Mattis is currently a frontrunner for the job, though because he only exited the Marine Corps four years ago, Congress will have to pass a waiver to allow him to serve in the Pentagon’s top civilian position.

“I am pleased that the President-elect found General Jim Mattis as impressive as I have in the many years I have had the privilege of  knowing him,” McCain, chairman of the Senate Committee on Armed Services, said in a statement. “General Mattis is one of the finest military officers of his generation and an extraordinary leader who inspires a rare and special admiration of his troops. He is a forthright strategic thinker. His integrity is unshakable and unquestionable. And he has  earned his knowledge and experience the old-fashioned way:  in the crucible of our nation’s defense and the service of heroes.”

“General Mattis has a clear understanding of the many challenges facing the Department of Defense, the U.S. military, and our national security.

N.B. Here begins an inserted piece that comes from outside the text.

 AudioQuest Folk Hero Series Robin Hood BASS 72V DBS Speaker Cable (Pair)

I hope he has an opportunity to serve America again,” McCain added.

GOP President-elect Donald Trump met with Mattis Saturday morning and later remarked he was “very impressive.”

But Mattis and Trump actually seem to differ significantly on various foreign policy issues, which may be why McCain has offered such a strong endorsement and offered to move along the congressional waiver process.

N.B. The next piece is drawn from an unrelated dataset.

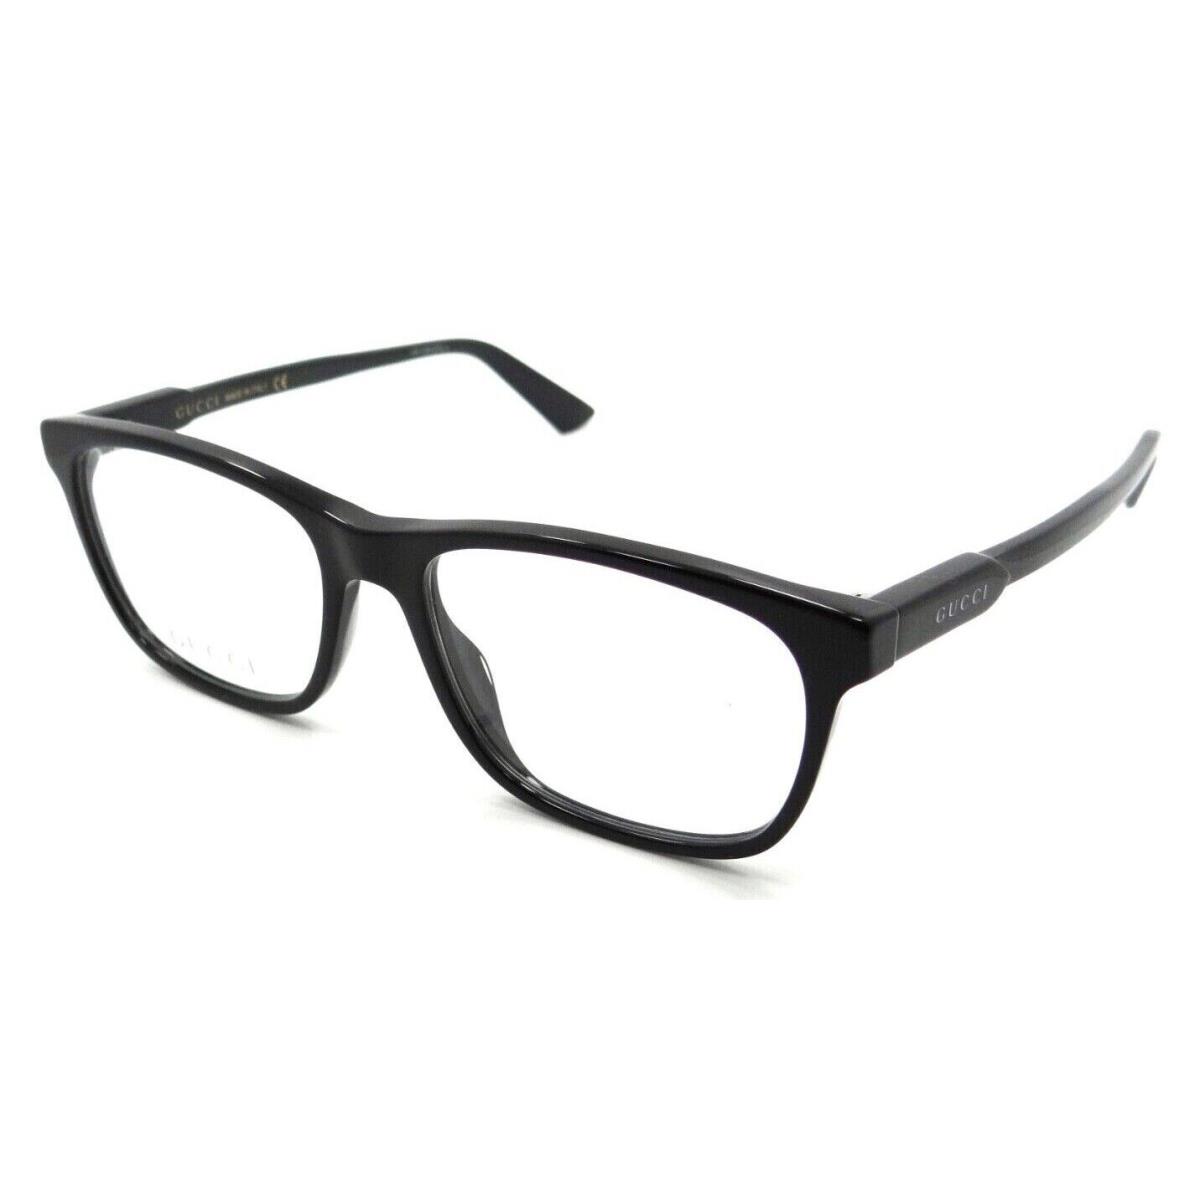 Gucci Eyeglasses Frames GG0490O 001 53-17-150 Black Made in Italy

Mattis has criticized Trump indirectly by taking aim at Jeffrey Goldberg’s profile of Obama for the New Yorker, in which Mattis said he thought Obama’s mistaken impressions about U.S. allies lined up closely with Trump’s position.

“It wasn’t Trump; it was the president saying that our allies are free riders and that sort of thing,” Mattis said. “For a sitting U.S. president to see our allies as freeloaders is nuts.”

Additionally, Mattis is intent on seeing an increase in ties between the U.S. and intelligence agencies in the Middle East, particularly Saudi Arabia. Back in 2012, Mattis also supported delivering weapons to Syrian rebels to take out the regime of Syrian President Bashar al-Assad. Trump, on the other hand, has argued for dropping support to the rebels, as “we have no idea who these people are.”

Instead of targeting Assad, Trump appears much more interested in taking down the Islamic State more directly.